Note the long Japanese swords that Al mentioned seeing.

Scanned from news magazine articles

Japanese military and civilian envoys board a C-54 transport plane at IE Shima, Ryukyu Islands, August 19, 1945. They were flown to Manila to receive instructions concerning surrender and occupation arrangements.

Two more Manning boys were overseas during this time frame and also purchased surrender pictures.
One was Joseph Stein...he was stationed in Guam & Saipan at the time.
Duane Wegner, was stationed at Okinawa and purchased several souvenir pictures of the event.

September 2, 1945 on the USS Missouri
Photos from Duane's collection.

I'm not sure if this was prior to the official surrender or a previous envoy before the surrender.

One person who was on his ship near the USS Missouri was Eugene Case. We interviewed Gene to get his military story but for some reason he never brought it up about being nearby during the September 2, 1945, event.
One day he brought it up to me while I was visiting him in the Plaza.
He mentioned it a couple more times, but I don't remember the specifics he told me.
Then like what happens so much for me, Gene passed away before I could find time to record his story about the surrender.

The rest of the surrender pictures came from the Joe Stein collection...

Every now and then I pose these questions about WWII:
What if the Japanese won?
What if the Germans won?
What would the world look like today?
What if the United States of America never got involved?
Remember the 16 million Americans who fought during WWII, 400,000 who died...72,000 unaccounted for yet today.
Remember that millions of those Americans who served during WWII were descendants of the South from the Civil War era.
If the Axis powers (Germany, Italy, Japan) were victorious, would the United States of America still exist?
Would we now be speaking German or Japanese?
How many other countries around the world would now be under the Axis rule?

If we were now under Japanese Imperialism or Nazi control, I highly doubt the current protestors would be able to complain and riot like they do right now...they would be shot or disappear during the night, including their family members.

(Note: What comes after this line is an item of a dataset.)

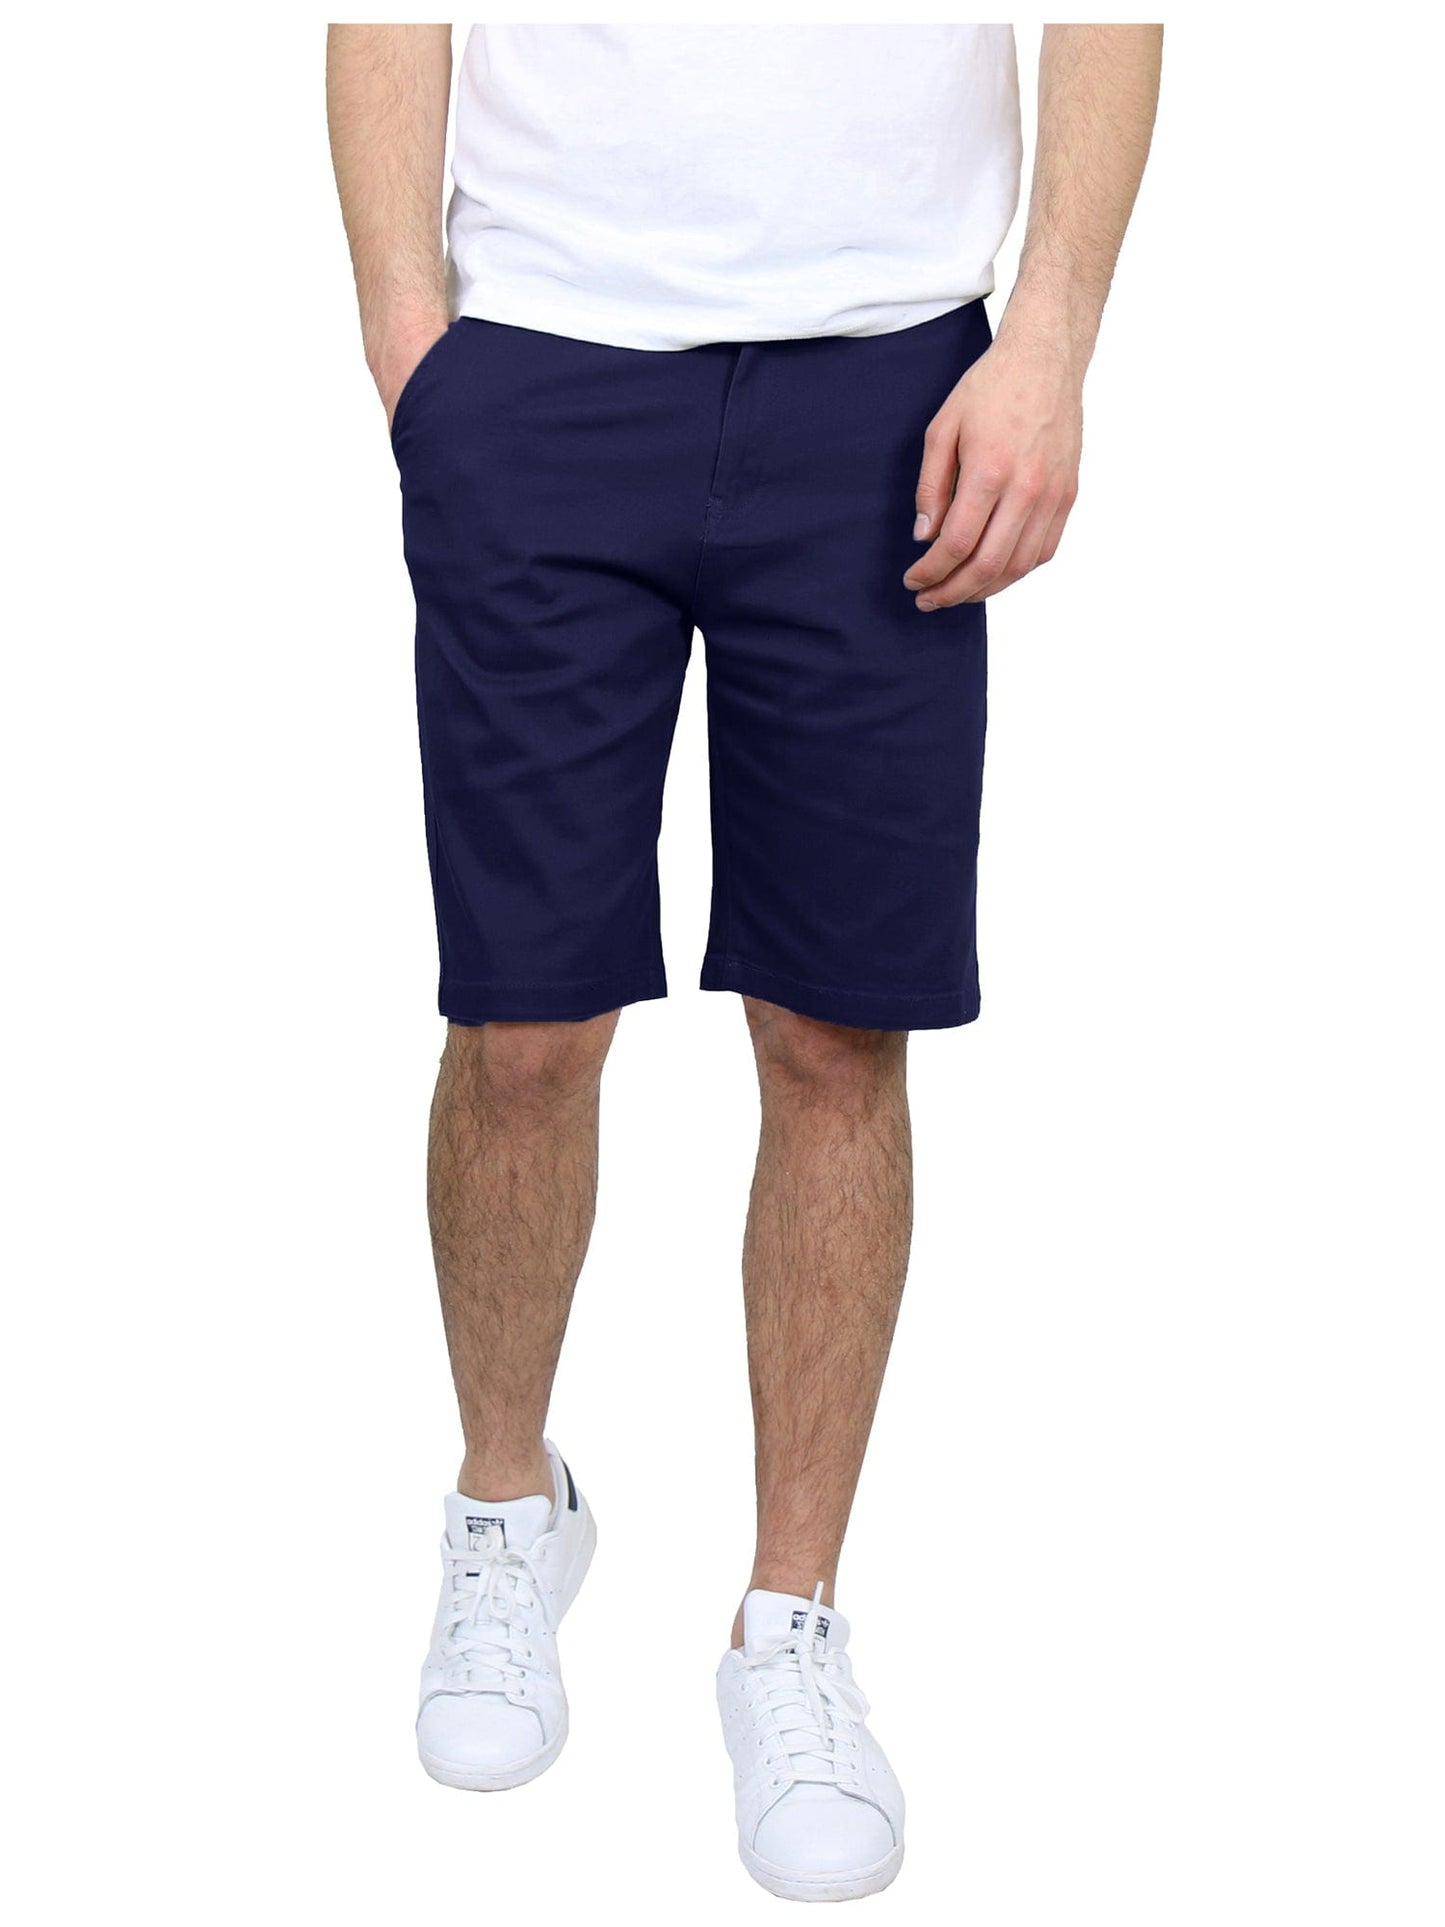 Men's Flat-Front Slim Fit Cotton Stretch Chino Shorts (Sizes, 30-42)

So thank God the United States got involved during WWII to destroy Imperialism, Nazism, and beat back the Communism/socialism that followed.
Thank God we were a "UNITED" States of America and that no matter whether they were descendants of the South or of the North, our BRAVE military personnel preserved the FREEDOMS around the world.

Another situation to think about.
Gene, Duane, Al, Clarence, and probably Joe (as the Army barber), were either training or would have started training for the Invasion of Japan, but for the dropping of both atomic bombs on Japan.

Before anyone with their high and mighty moral values today, judge or criticize those 2 bombs, remember that had the Invasion of Japan, occurred, most, probably all of these 5 guys would have probably been killed...which means they would not have come back to this area to marry and raise children.

My mother still has 2 living cousins who were training for the Invasion of Japan when the Japanese surrendered. While listening to their stories and conversations one time, I noticed they both commented how their children once were questioning the 2 atomic bombs...both dads then made a statement to their kids "you might NOT be here today if those bombs weren't dropped."
They were surprised at the comment until their dads told them that they were training for the Invasion of Japan and probably would have never returned home, alive.
The kids never mentioned the 2 bombs again.

One thing that I admired about mom's 2 cousins is they both said they weren't for the 2 bombs because it saved their lives, but for the millions of Allies and even Japanese citizens who would have been killed if the Invasion would have occurred.

So before you judge people of the past - educate yourself with that history and PUT yourself in their shoes - you might find that you have a completely different and less judgmental view!